Be Ready for the Lightning, page 24
And what about Peter? Did he buy the gun and load it and shoot those people because of terrible things that had been done to him? Was it such a linear connection? Something bad happens when you’re young, so something bad happens when you’re older? If terrible things had indeed been done—I couldn’t know how much, if anything, of what Sunny had said was true. I don’t think even she knew. Or did he hijack the bus because of what Sunny said through his window? If that was it, then why did Conrad do what he did, small though those things now seemed, when our young lives had been bland and unremarkably safe, and when I’d never whispered anything?
Or maybe there was nothing, only choices, for both of them, choices made and simple algebraic results. Or maybe they were choices and not choices simultaneously, like me on the bus pulling my dress up to show my thighs to a murderer. No. To show them to Peter. Maybe it felt so fast to Conrad and to Peter that it was like which hand hits the ground first when you fall.
It wasn’t the questions that bothered me, about Peter and Sunny and Conrad and everything else. It wasn’t even the possible answers, the idea that maybe I could have done something for any of them but had failed.
It was not knowing—or the opposite, the knowledge. The knowledge that I’d never be able to figure it out, no matter how long I puzzled on it. Sunny’s intentions. Peter and Conrad’s motivations. The exact cause and effect of it all. That the only thing I could know was my inability to know. Maybe was a word made of fear, a bullet that exploded on impact.

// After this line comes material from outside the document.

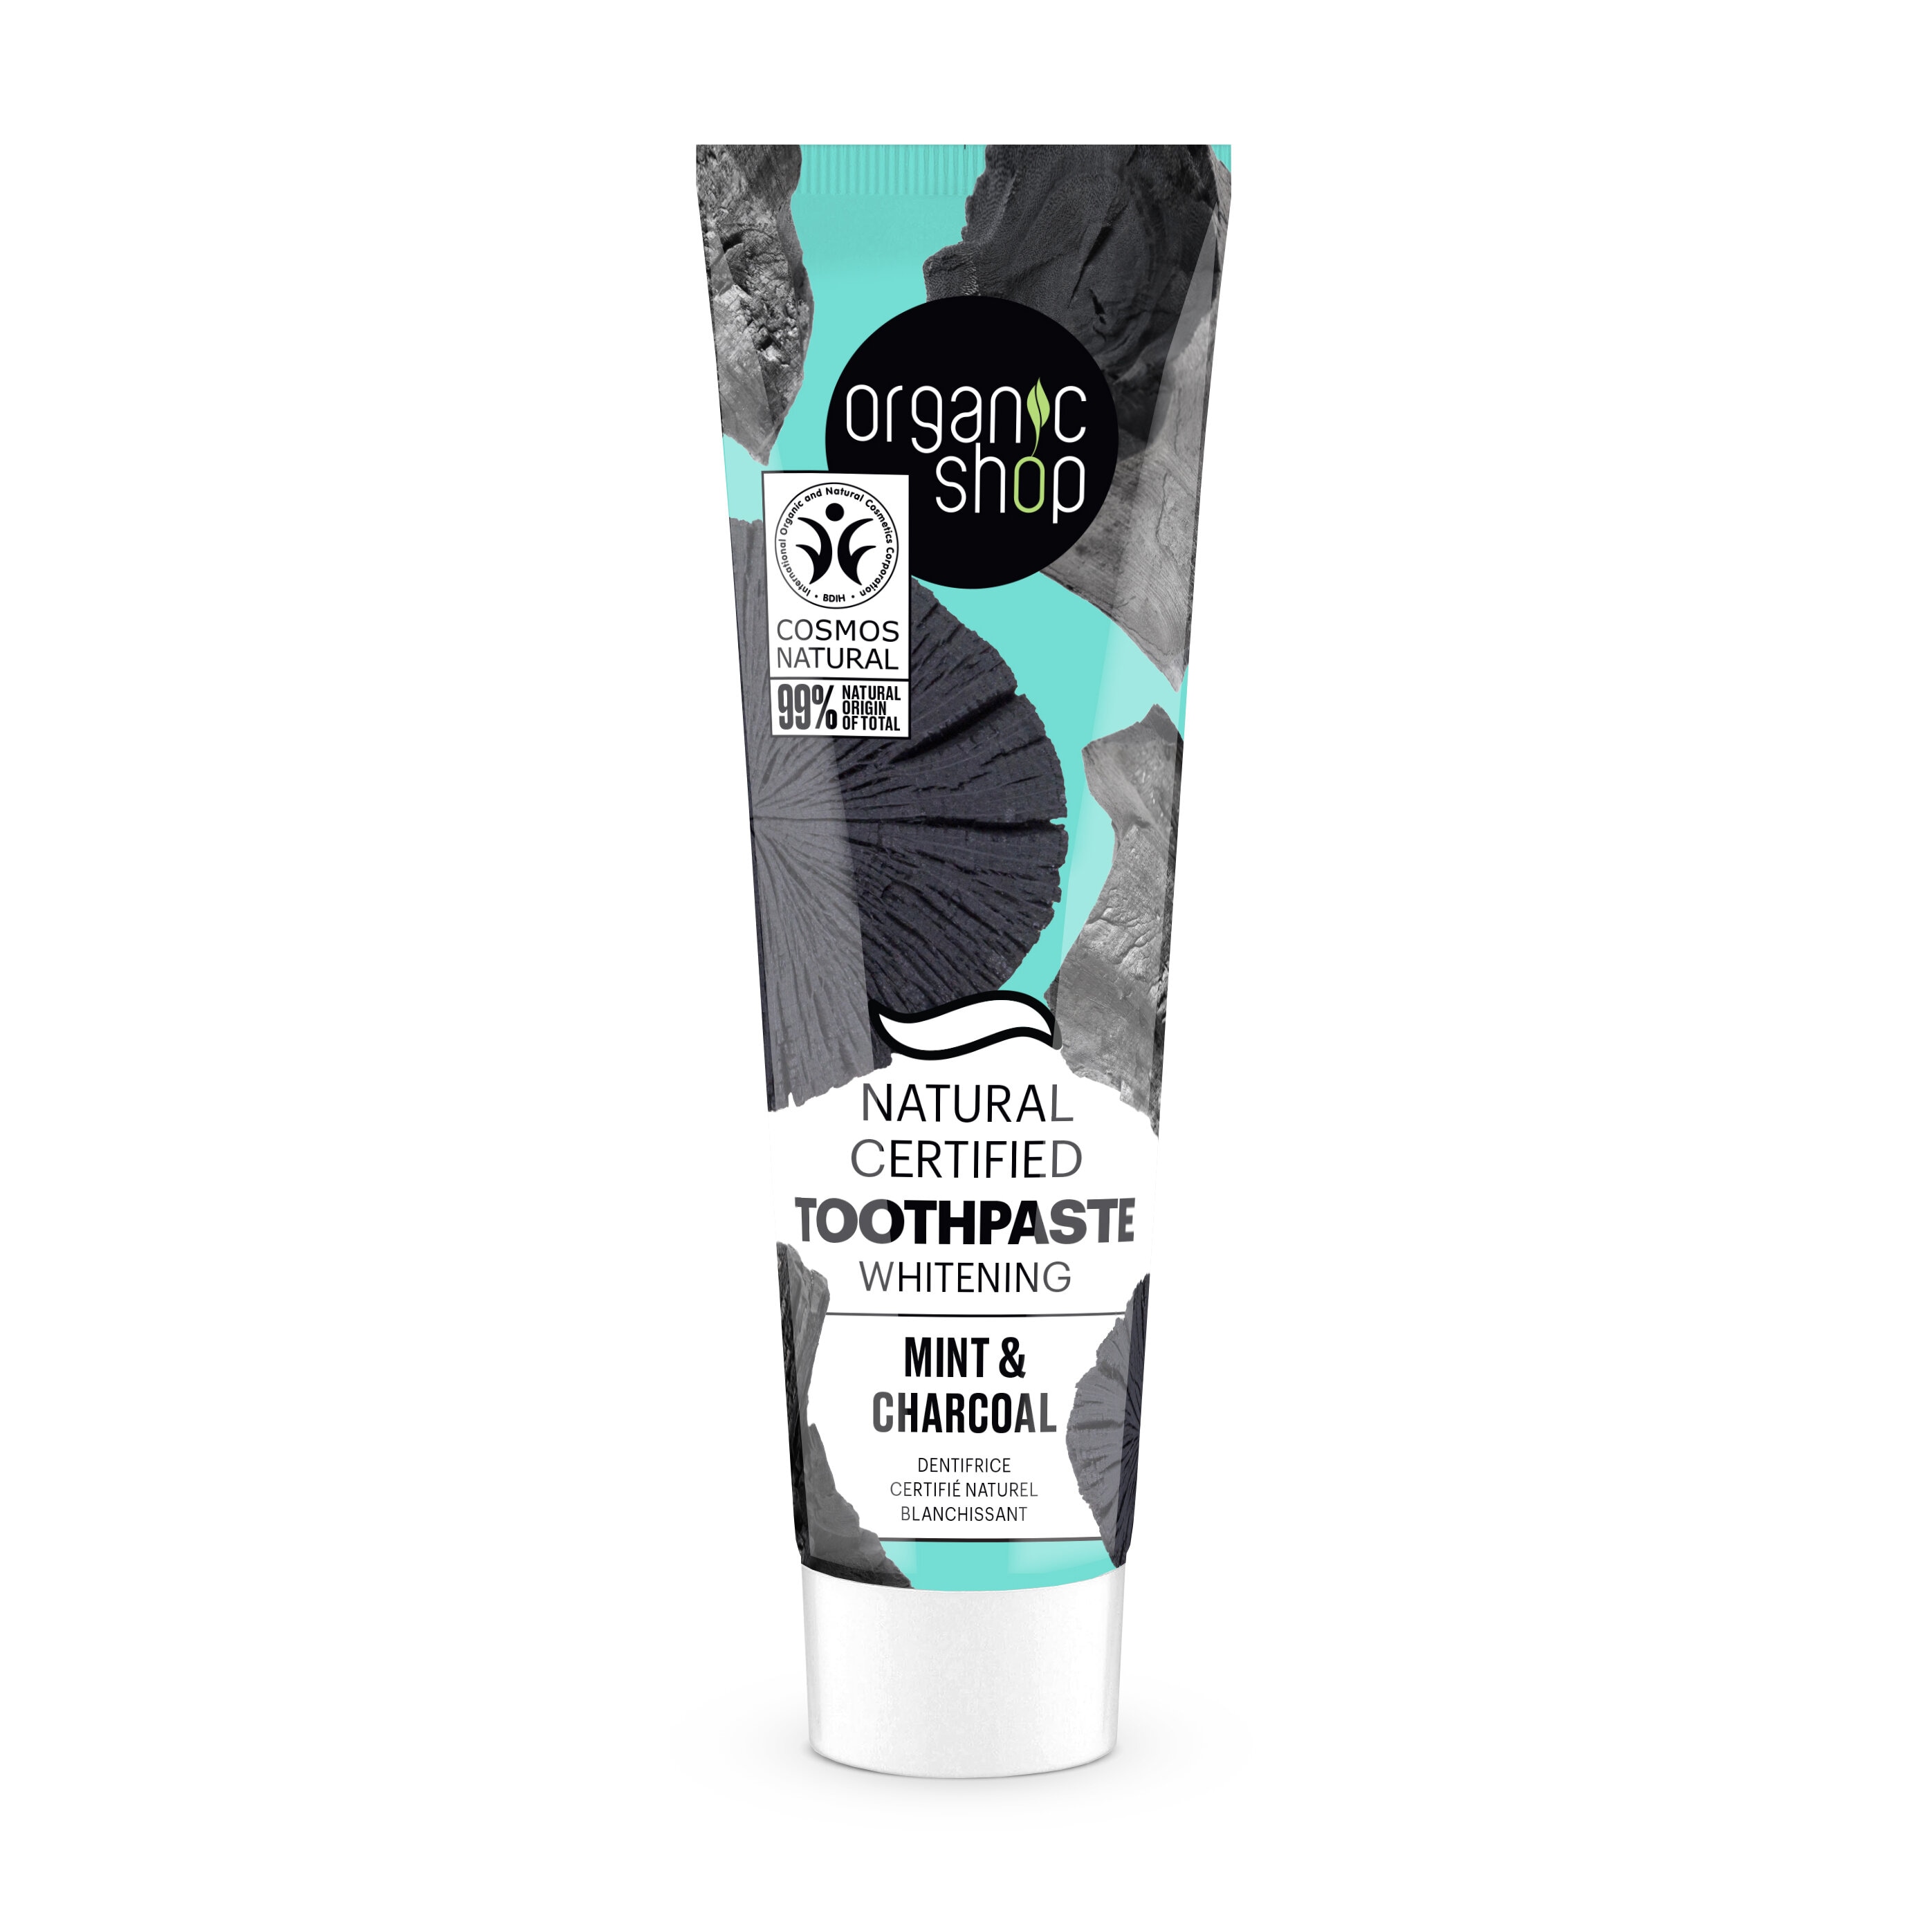 Charcoal & Mint Toothpaste Whitening 100g

Standing in the kitchen with my mother, I said, “Do you think he’s going to be okay? That he’s really changed? What if—?”
She held up her hand. “I don’t know,” she said. “I just know he has to be. But I’ve never really understood.”
“I’m glad to be home,” I said, and my mom got up and cleared the dishes, putting them in the sink quietly, so they wouldn’t clatter, and said, “You know you can always come home.”
And it didn’t matter that it wasn’t true, not anymore.
TWENTY-NINE
On the plane, I fell asleep and had terrible nightmares. Conrad, shot in the head. Or Ted. Or my father. Or Al. But never Annie, never my mother. Never Sunny. Never Peter. The cold dread of watching them fall, their chests blooming red, their kneecaps crunching as they hit the sidewalk. These dreams were mine now, mine for good, as much as the flying dream, I knew.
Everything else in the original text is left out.